DATA EXTRACT:
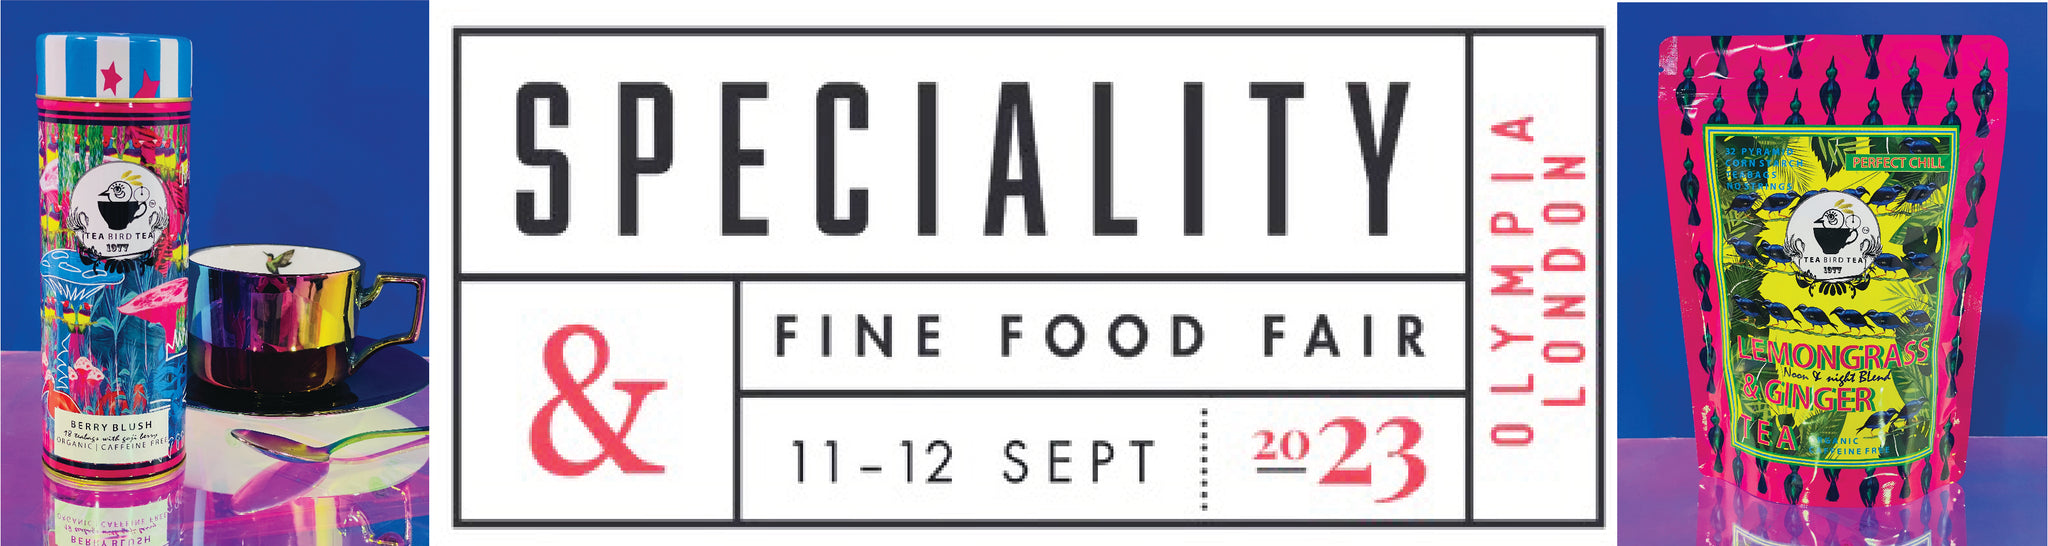 Speciality Fine Food Fair 11th -12th September 2023
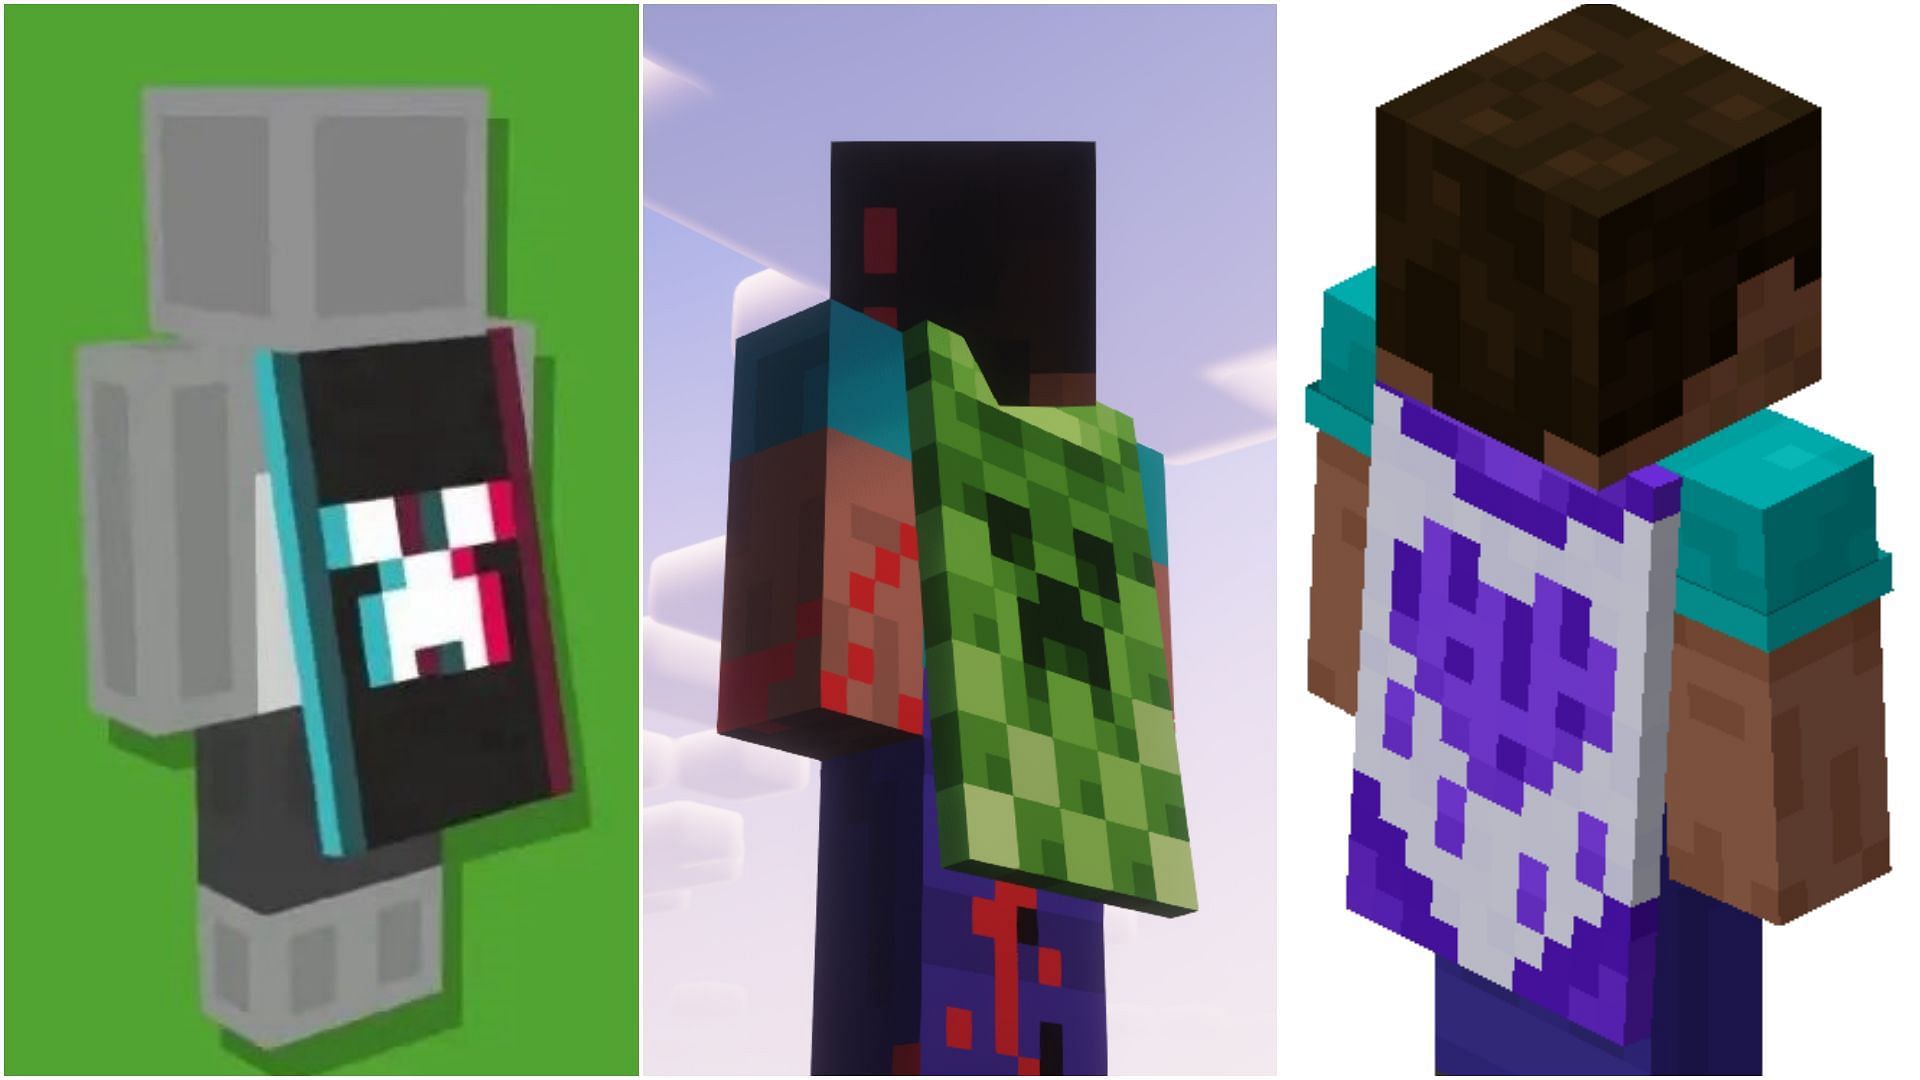 These three capes were given for free during Minecraft
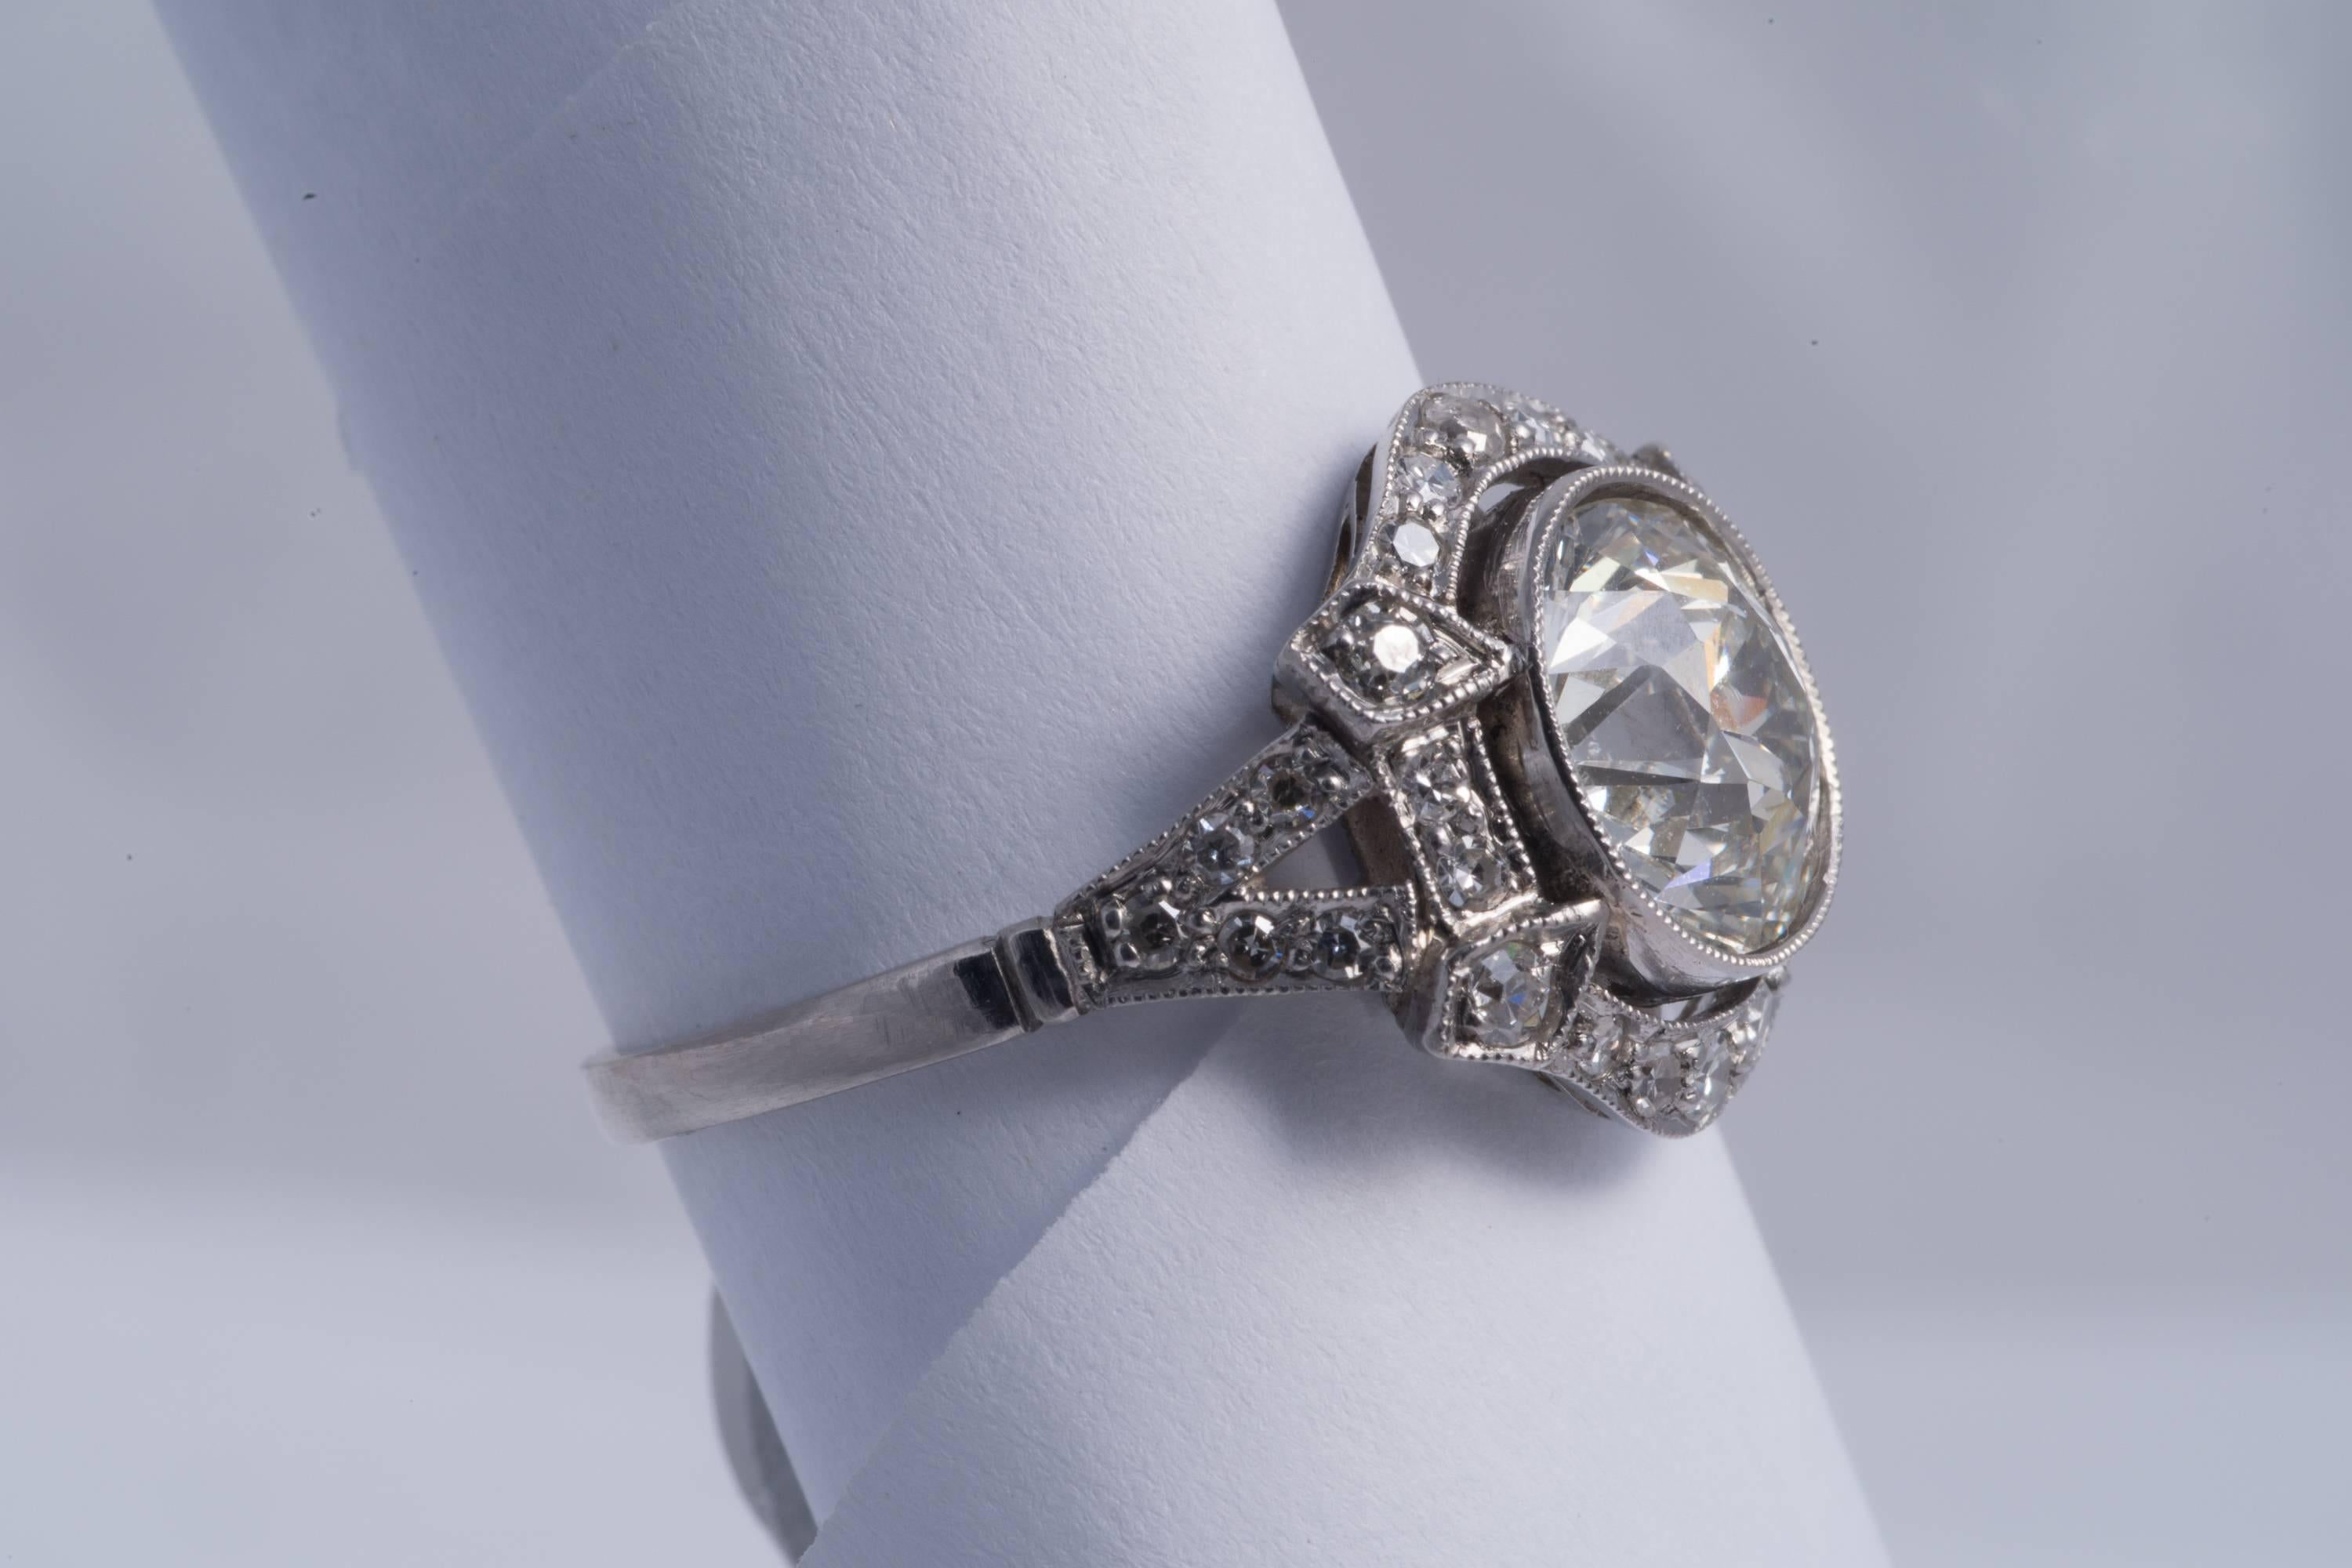 Beautiful Old Mine Cut Diamond Ring in Platinum Center Diamond 2.75 cts VS2 H-I color.
There are 28 single cut diamonds approx. 1.00 cts. VS clarity, G-H color.

EXERCISE DESCRIPTION: Make an exact reproduction of the listing above, without any pictures.

EXERCISE ANSWER:
 Speciality Fine Food Fair 11th -12th September 2023
 These three capes were given for free during Minecraft
 Beautiful Old Mine Cut Diamond Ring in Platinum Center Diamond 2.75 cts VS2 H-I color.
There are 28 single cut diamonds approx. 1.00 cts. VS clarity, G-H color.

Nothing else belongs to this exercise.